Do you have a particular place you are planning to hunt?


----------



## collegehuntnfish (Aug 7, 2014)

Clarq, I was planning on hunting Farmington Bay because it is the closest to me which means that gas is the cheapest( I am a broke college student). In addition to that, it is the only refuge here I have been to and had a chance to scout at all. However, I am always open to something new. I really just want to get out and hunt.


----------



## HuntinFoolUtah (Jan 11, 2013)

I decided to take a semester off to just hunt. I will be going up to USU this spring though. If someone has a better place in mind that is farther away I would be willing to pay for gas if there's a decent chance for a good shoot.


----------



## Clarq (Jul 21, 2011)

HuntinFoolUtah said:


> I decided to take a semester off to just hunt.


Enjoy it while you can.
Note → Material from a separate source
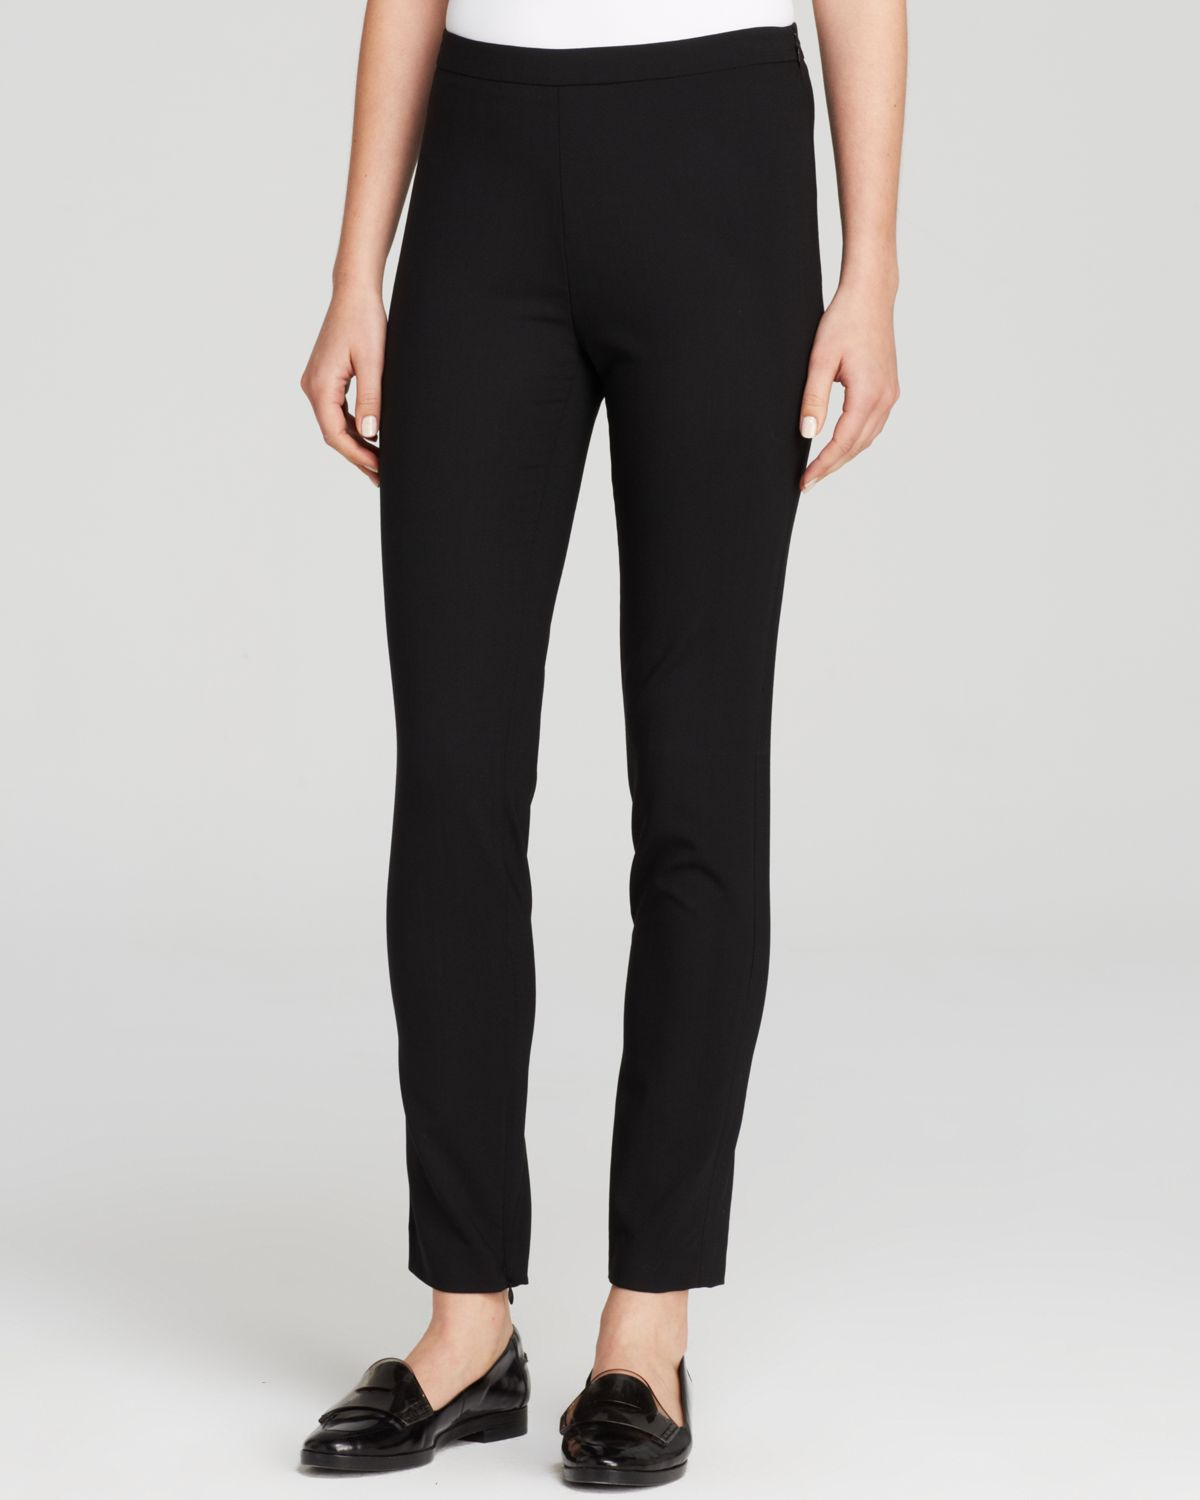 Theory Pants - High-waisted Skinny Edition in Black | Lyst

Pretty soon, you'll have to work late into the night if you want to have a day of the weekend free to hunt (note that I'm saying this at midnight and I'm still not done studying for an upcoming test -O,-). I can't wait for Saturday!


----------



## collegehuntnfish (Aug 7, 2014)

I'm also in the still studying boat the only reason to be up at this time should be driving to hunt.


----------



## hound_hunter (Jan 1, 2009)

It sounds like you guys are all in Salt Lake, but just in case I get lucky... I'm a student at BYU and I'm in the same boat. Anyone in Utah County that wants to get out, hit me up!

Good luck guys.


----------



## huntress (Sep 10, 2007)

Hound hunter How many times do I have to hit you ,dumb ass, Dad said that he would take you out to the club any time, (you no were you ran your hounds)


----------